Acho que eles tocam, mas não de forma hegemônica, a execução não é expressiva. As rádios comerciais trabalham com o sucesso e o sucesso é muito difícil de entender no contexto atual. Sucesso é lotar o TCA ou Wet’n’wild? No geral, elas vão para os grupos de grande consumo dentro do seu segmento. Assim, uma rádio adulto contemporânea comercial vai tocar Tulipa sem problemas. Uma rádio jovem vai tocar Emicida, Criolo, Baiana… Existem outros que ainda não vazaram para o grande público, e quando digo grande, é grande mesmo, não no nicho. Só a rádio pública vai tocar Simone e Silva na mesma virada. Luedji e Caetano, Roberto Mendes com Pirombeira, Ana Carolina com Duda Beat. Agora é importante salientar que a rádio não pode sozinha fazer esse trabalho, a formação de plateia tem que acontecer fora das emissoras também.
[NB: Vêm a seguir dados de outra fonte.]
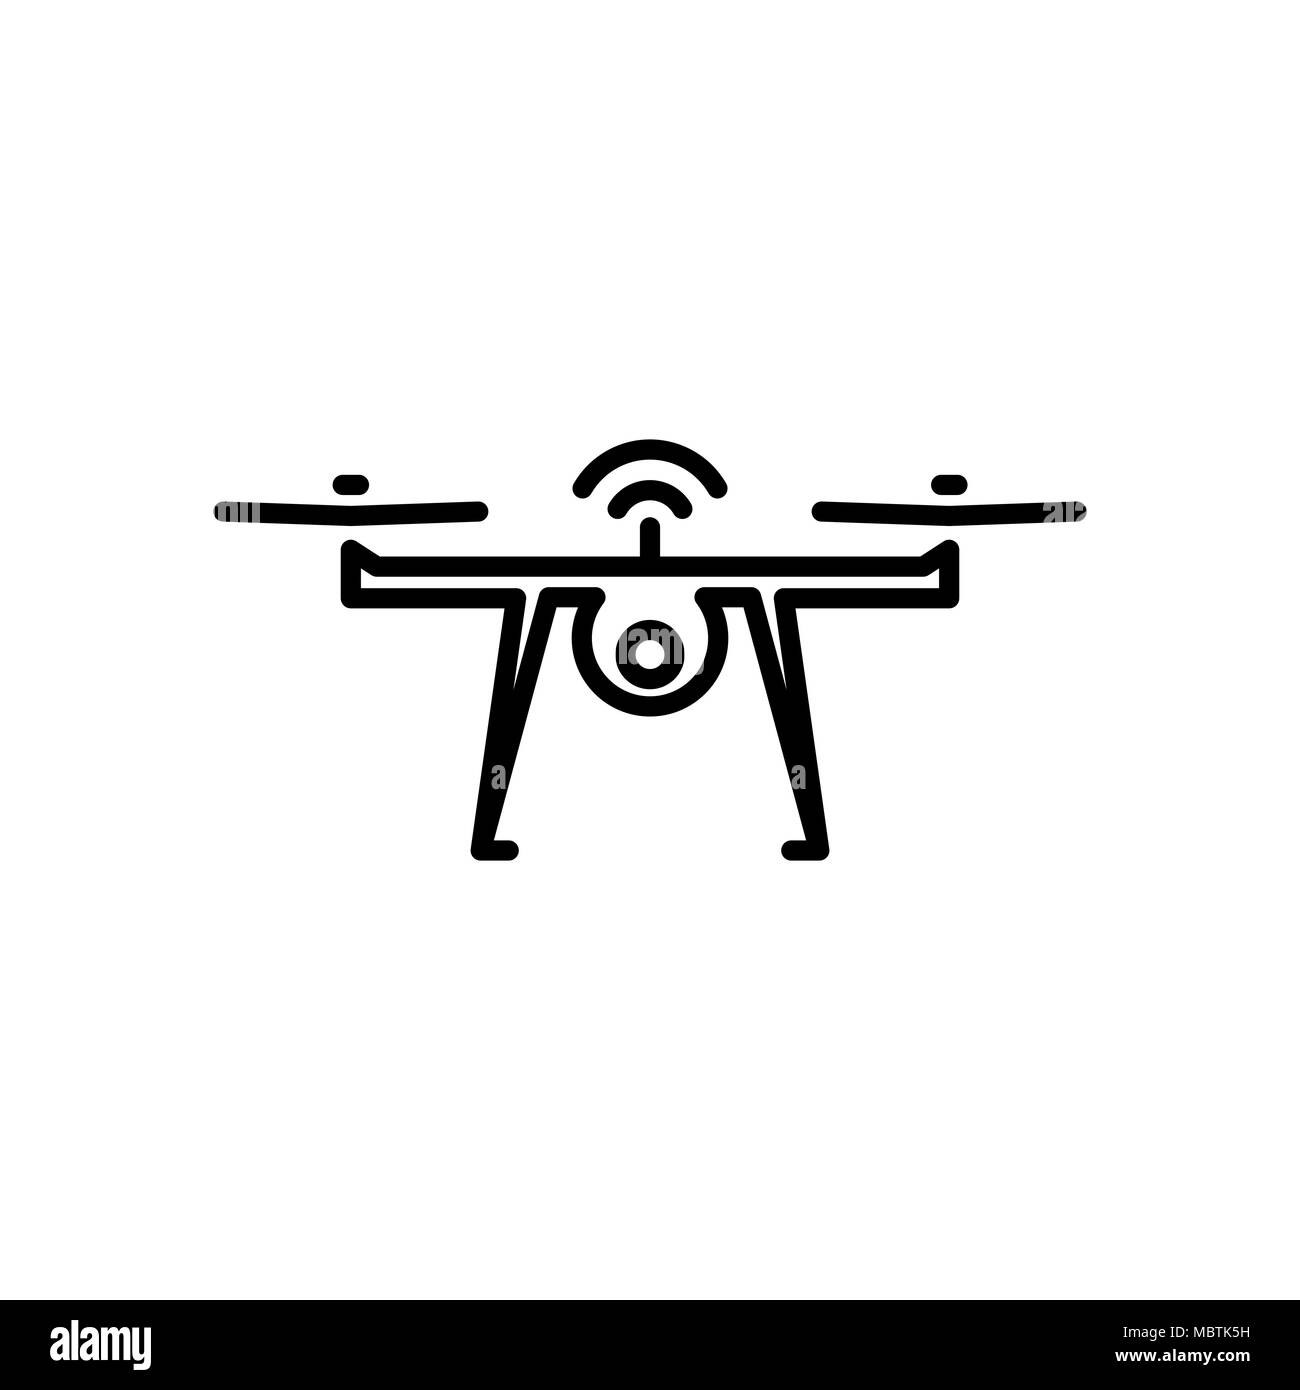 Air drone icon simple flat vector illustration. Stock Vector

– Pela mesma análise percebemos a ausência também de artistas ligados ao Rap, um estilo cada vez mais popular e ligado ao público jovem. Como a Nova Brasil e as rádios adultas podem atrair o público jovem, já que suas programações tem como base um repertório mais antigo? Há uma preocupação a esse respeito?
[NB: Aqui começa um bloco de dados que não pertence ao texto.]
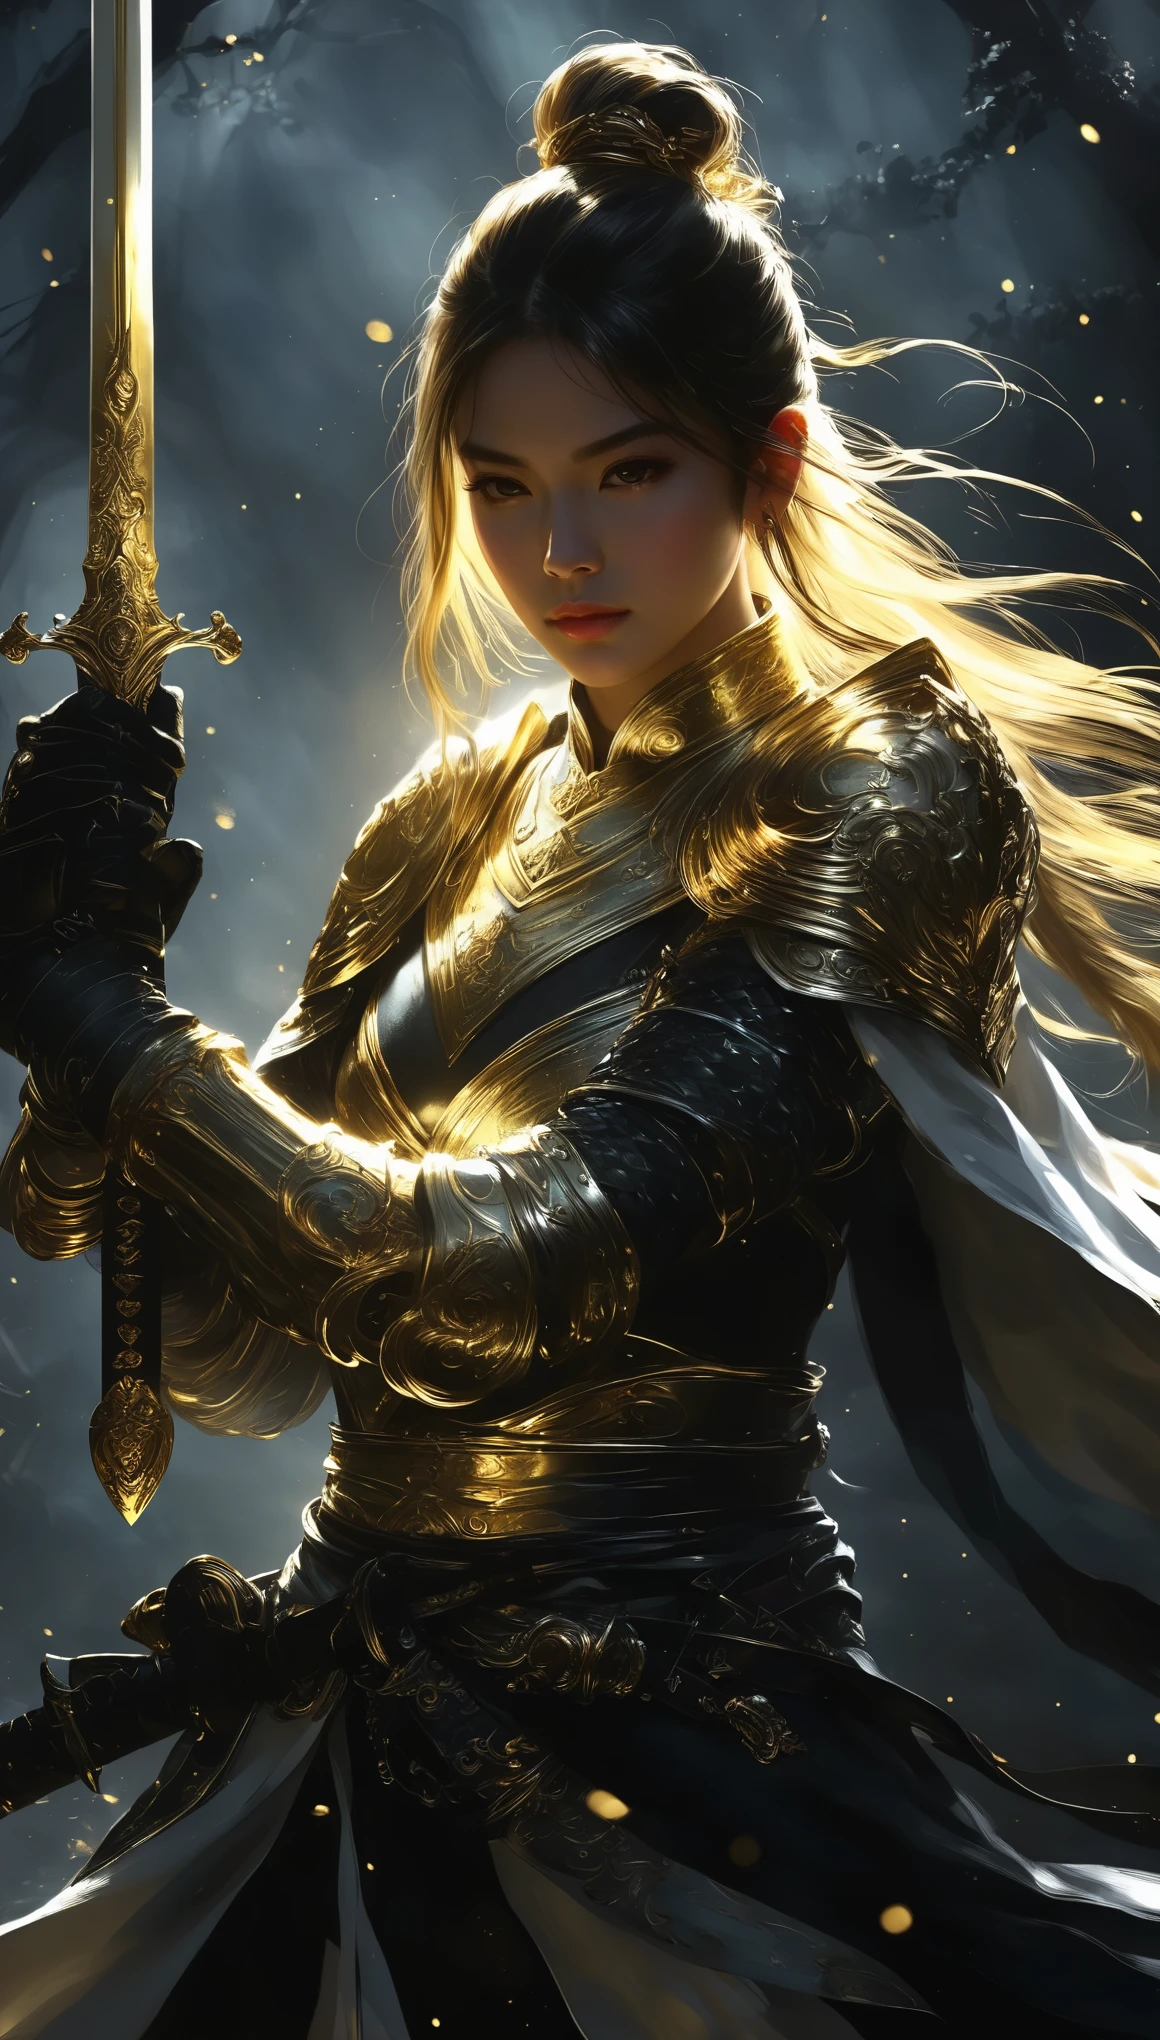 Gold Wire Wrapping Crafts， 1 girl,  whole body, Start-up.Female swordsman， Hold the hilt of the sword，Under the spotlight of the dark secret realm，Black fog all around

Bem, não saberia responder essa questão. Mas creio que não haverá mais diferença entre rádio e internet, vai ser tudo rádio, mas não como hoje. Por outro lado, creio que haverá sempre gente a fim de ouvir uma playlist com algum tipo de organização e curadoria e não aquele conteúdo escolhido apenas por si mesmo e nem o indicado pelo algoritmo. Acho que viver o ciclo faz parte, a era do samba-canção foi sucedida pela bossa nova, depois MPB, rock e as forças vão se impondo quase que organicamente. O mais legal de hoje é que as coisas não desaparecem, elas vão se justapondo, se sobrepondo e se recombinando.
– A Rádio sempre foi um tipo de veículo responsável por apresentar, lançar novos artistas. Vários nomes importantes da história da música ficaram conhecidos a partir da rádio. Você acha que as rádios perderam esse papel? Por que?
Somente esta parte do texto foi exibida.